I've covered the problems with ageing TPC-C, but maybe I should have used the same language that Bryan used.
Short-stroking 224 15K RPM drives is the equivalent of fueling a dragster with nitromethane -- it is top performance at a price so high as to be useless off the dragstrip.
Does this apply to the system configurations used in SPECpower. hmmmm, looks like the same colour.
Tuesday Jan 27, 2009
This blog approaches 250,000 visits, first of all thanks I hope you
have all learnt a few things of value from this anonymous Sun employee. It
is not about me. But the stats are quite an honour.
I decided to have an open letter to the benchmark committees, here are my blue sky suggestions:
- Can you please have the exact words you need for a disclosure statement
clearly listed with any submission.
ex: SPEC Disclosure Statement:
Sun SPARC Enterprise X5220 (8 cores, 1 chip) 41847 SPECweb2005. SPEC, SPECweb reg tm of Standard Performance Evaluation Corporation. Results from www.spec.org as of Dec 4, 2008.
ex: TPC Disclosure Statement:
Sun SPARC Enterprise M9000 118,573.3 QphH@1000GB, $23.38/QphH@1000GB, avail 09/10/08. TPC-H, QphH, $/QphH tm of Transaction Processing Performance Council (TPC). More info www.tpc.org.
That way one could just copy&paste from your form and not try to dig up
your rules. When one needed several different results for for comparisons
it would only take very simple editing.
- Make all vendors publish exact power as measured on the performance bragged about
for all benchmarks. No to make new benchmarks to show watts on current
benchmarks. We all must save energy now. Let the public see the data. This table should
be filled in: "New Table of published power-performance data"
- Only allow power-performance to be reported on systems with default
power-management software.
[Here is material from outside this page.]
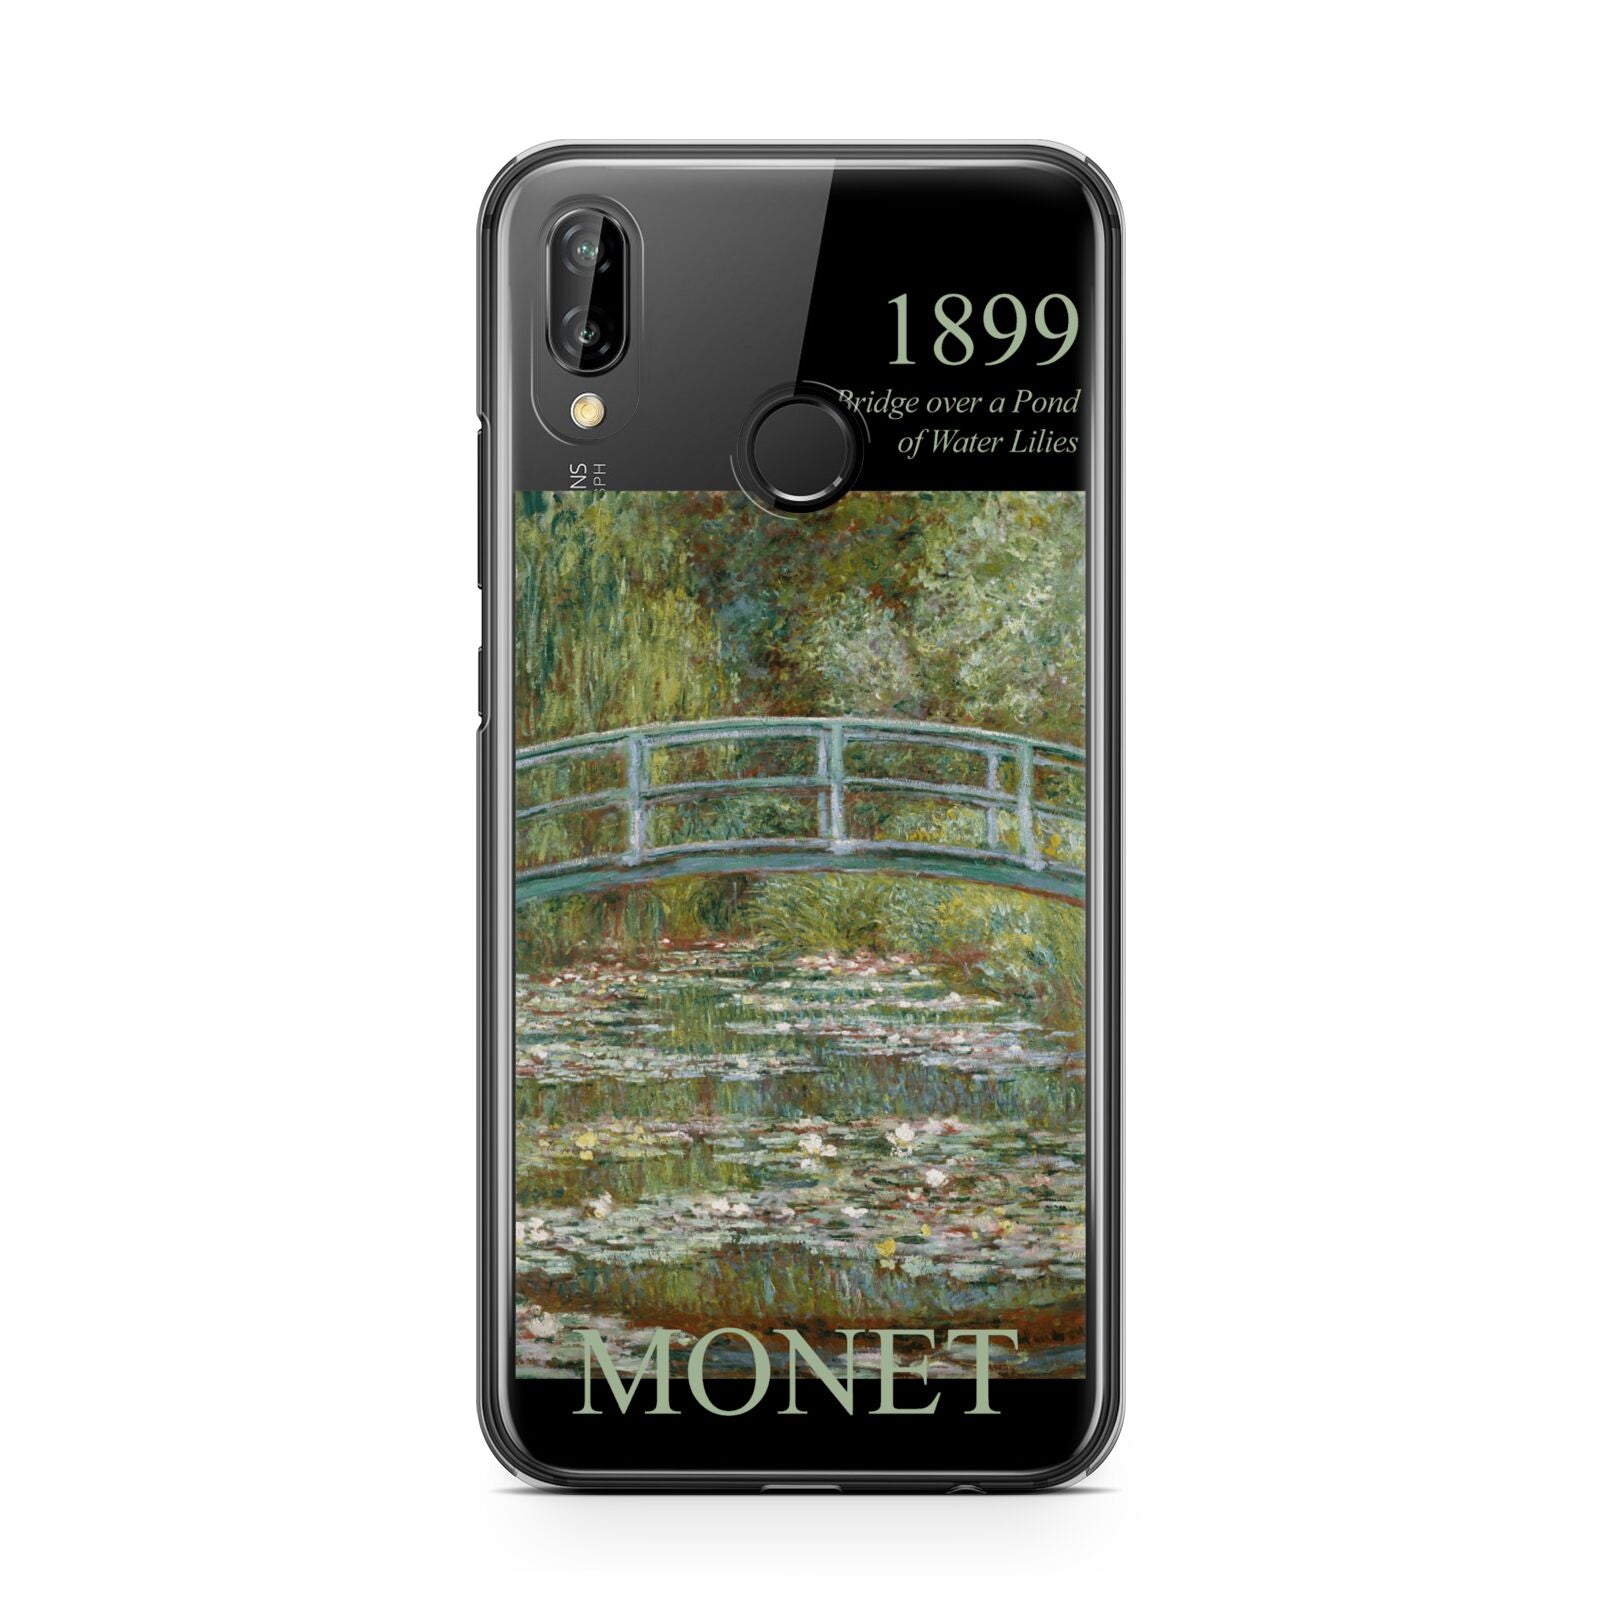 Bridge Over A Pond Of Water Lilies By Monet Huawei P20 Lite Phone Case

We need power-management on by default for
all results. Also only allow standard BIOS (of course tell Sun "no" as well, as
I know Sun has published results with the same sorts of modifications).
The reason why is we need to move the industry in a way that saves energy without
having to turn "on" or "off" features on a per server basis. That is way to much work
in a complex datacentre. Standard & default should be the direction.
Note: If you are a TPC or SPEC committee member I would appreciate any
comments, these are blue sky ideas. But if you comment you owe it to
all of the readers to state your affiliations and vendor name if you
get are employed by a computer vendor.